Using agile in a startup

Posted on April 24, 2016

This post is a follow-up to my previous post on designing an application in Haskell and part of a series of post I intend to write that reflect on my experience as CTO of Haskell-based startup. Whereas the previous post was very technical, focusing on what we built, this one focuses on how we built it: Processes, methods and tools we used, how the team was built and how it interacts on a daily basis, which problems we encountered and how we solved them (or not)… As before I have tried to be as honest as possible, highlighting both what worked and what did not work so well.

Coming from an Agile background it is no surprise that I consciously tried to reuse the knowledge and tools I knew from previous implementations of Scrum, eXtreme Programming or Kanban. One of the lesson learned during the past year is that Agile needs some serious overhauling to be applied within a startup setting, even more so when the team is distributed. In the conclusion I try to draw on this experience to hint at some trails I would like to explore in the future.

A Bit of Context

I started working on Capital Match at the end of August 2014. The first commit in the git repository of the application is dated on Wednesday, 20th of August 2014. I worked in the background for a couple of months, mostly to setup the infrastructure, flex my muscles on Haskell, explore the business domain space.

I met physically my co-founder in October. At that time I was still working alone but I already had a working solution that was deployed and “usable”, for some definition of usable. Willem van den Ende joined me to develop the application to production stage at the end of October and brought with him lot of XP and DevOps experience. We were joined by another developer at the beginning of March but this employment lasted only a month.

We went live on the 20th of March, one month after the initial target set in December. The tech team is now 4 people, including me, all of which are mainly developers. We do not have a dedicated operations team and the tech team is responsible for both developing new features and maintaining the application in good operational conditions.

Planning

Project Planning

We started using taiga.io from November to plan the go-live, first without then with spring planning. It was a good thing to explain to non-tech people we can deliver so much in a period. We quickly settled on 1 week sprints and it took us a while to get to some form of regularity and cadence, never really get to smooth release and meaningful Story Points values. A month or so after go-live we switched to a kanban style process which is not really well supported by taiga.

It seems people are having a hard time understanding SP, and when they understand they start trying to game it and discuss evaluations. It fairly quickly gets back to “when will it be done?” and “can’t we really do it faster?” and “what if we did XX?” questions… Smart people used to work with figures are prone to get to the conclusion figures are acutally measuring output and value and then we will use those figures to measure success.

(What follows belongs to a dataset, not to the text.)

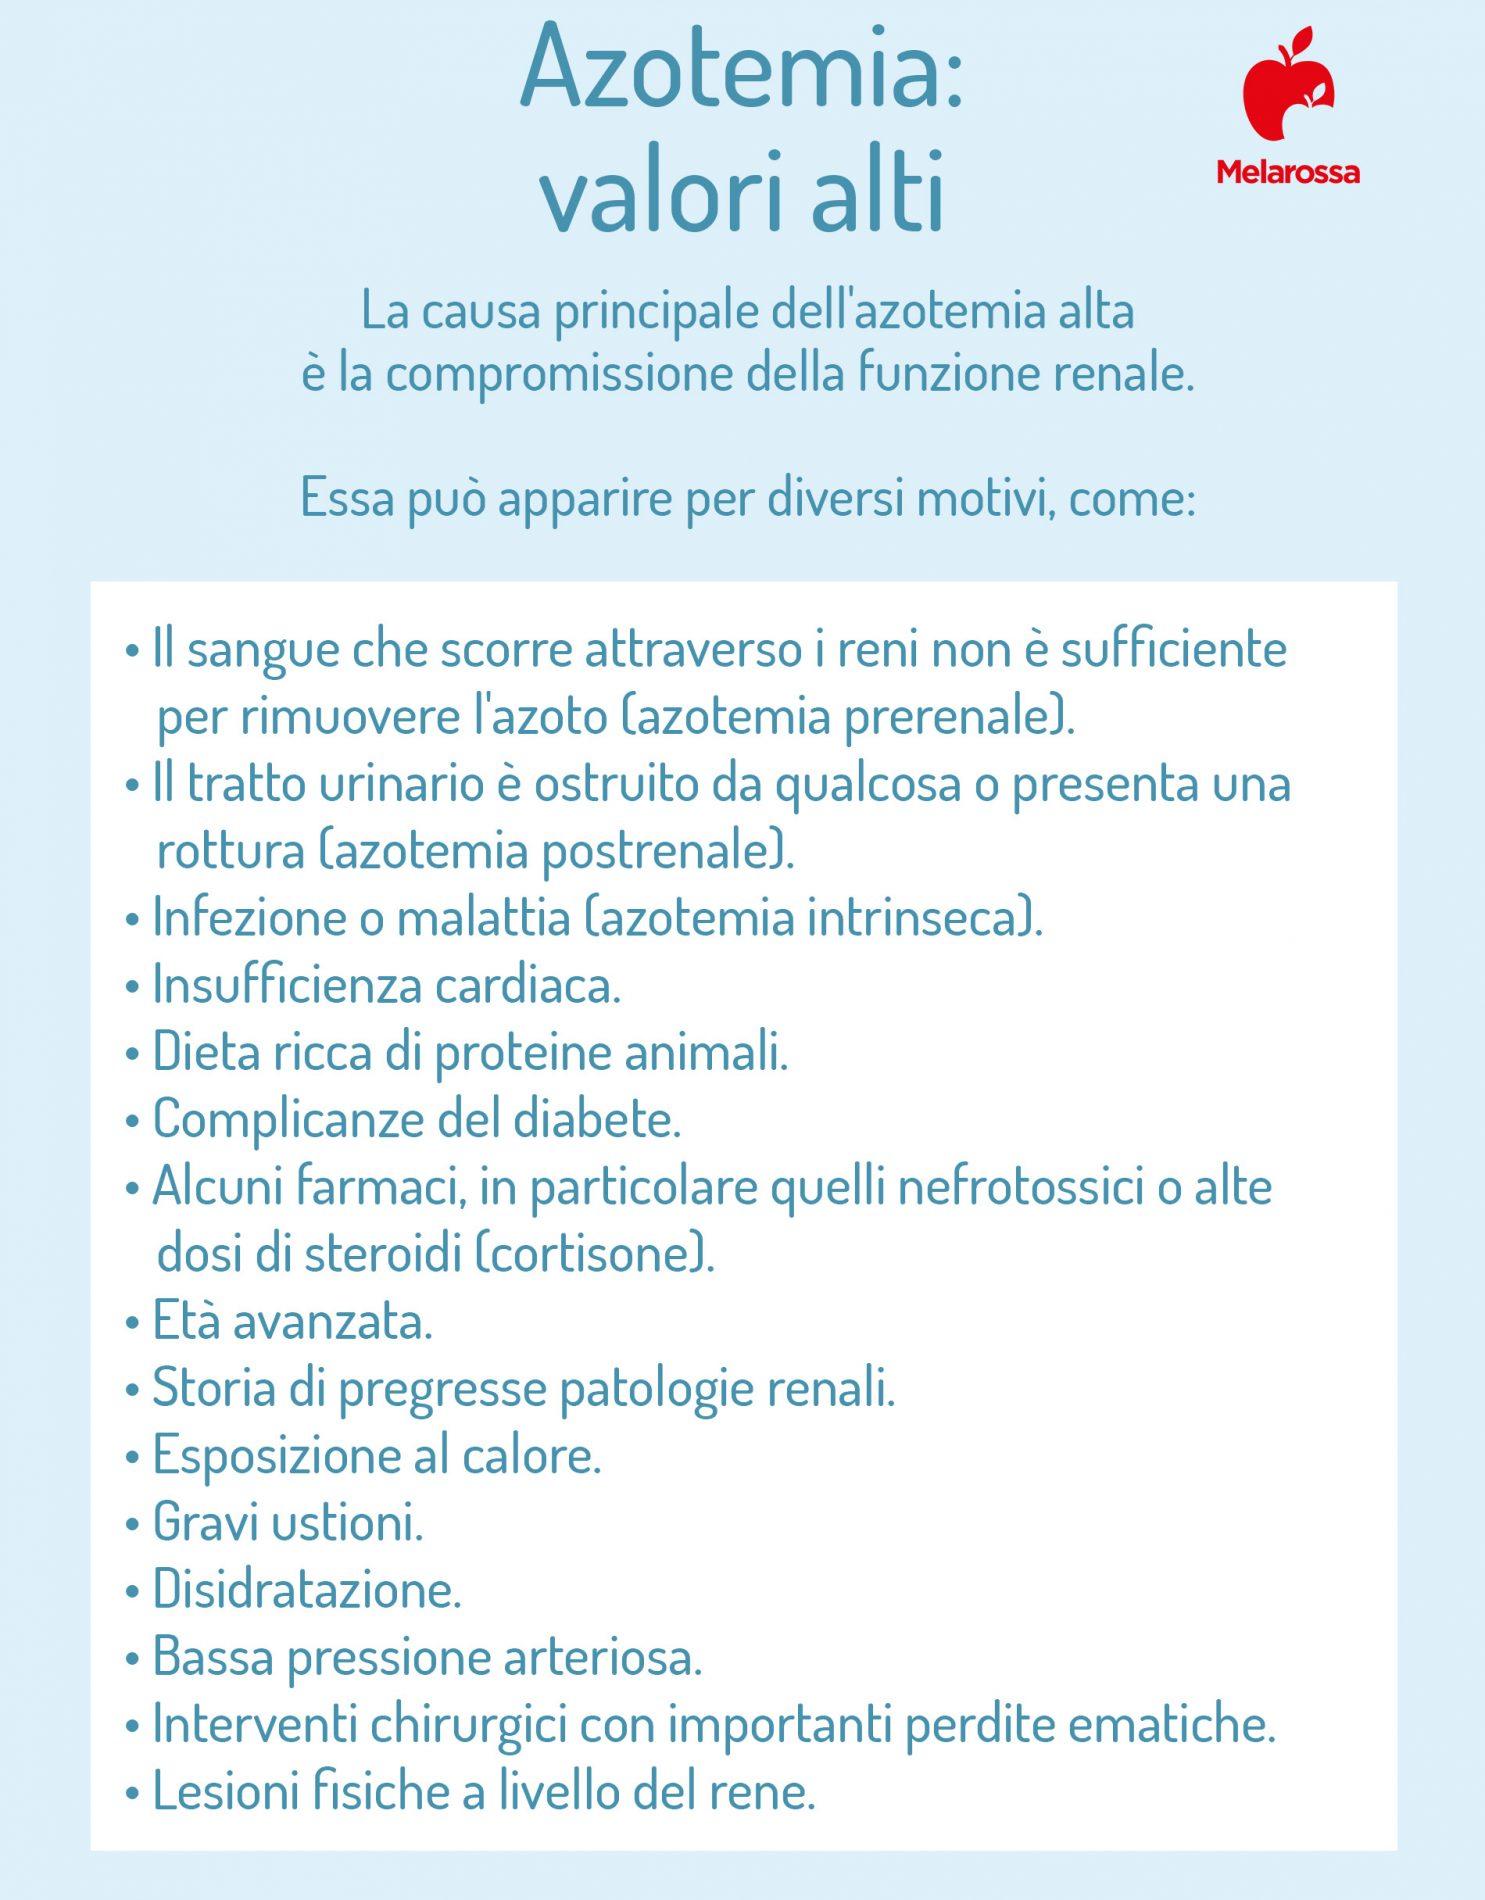 azotemia: valori alti

We dropped formal estimates, even before golive: what’s done is done, when it is not done it is not done. In order to cope with unrealistic expectations and requirements we strived hard to make everything visible, deploy very quickly and allow people to test easily, work in baby steps… in other words reduce the length of the feedback loop. We don’t provide estimates anymore, and people don’t ask for them, except in very broad terms for high-level features which we (I) estimate as S/M/L or some combination thereof.

People also had a hard time using taiga (and I am not sure it would have been better with any other tool…): Response is a bit slow, most of the things don’t make sense for them, they don’t follow really tickets and comments on them… nor do they care much about tracking SPs progress.

So we finally switched to using plain trello:

We currently use 2 boards:

Product Development

I wrote a “walking skeleton” in a month or so, starting from initial idea, while my partner was sorting out the business side of things and trying to find seed investors in the project. This walking skeleton was, well, very skeletal, being able to handle only very basic scenario: register borrower/investor, create new simple, loan, commit funding to loan then accept loan.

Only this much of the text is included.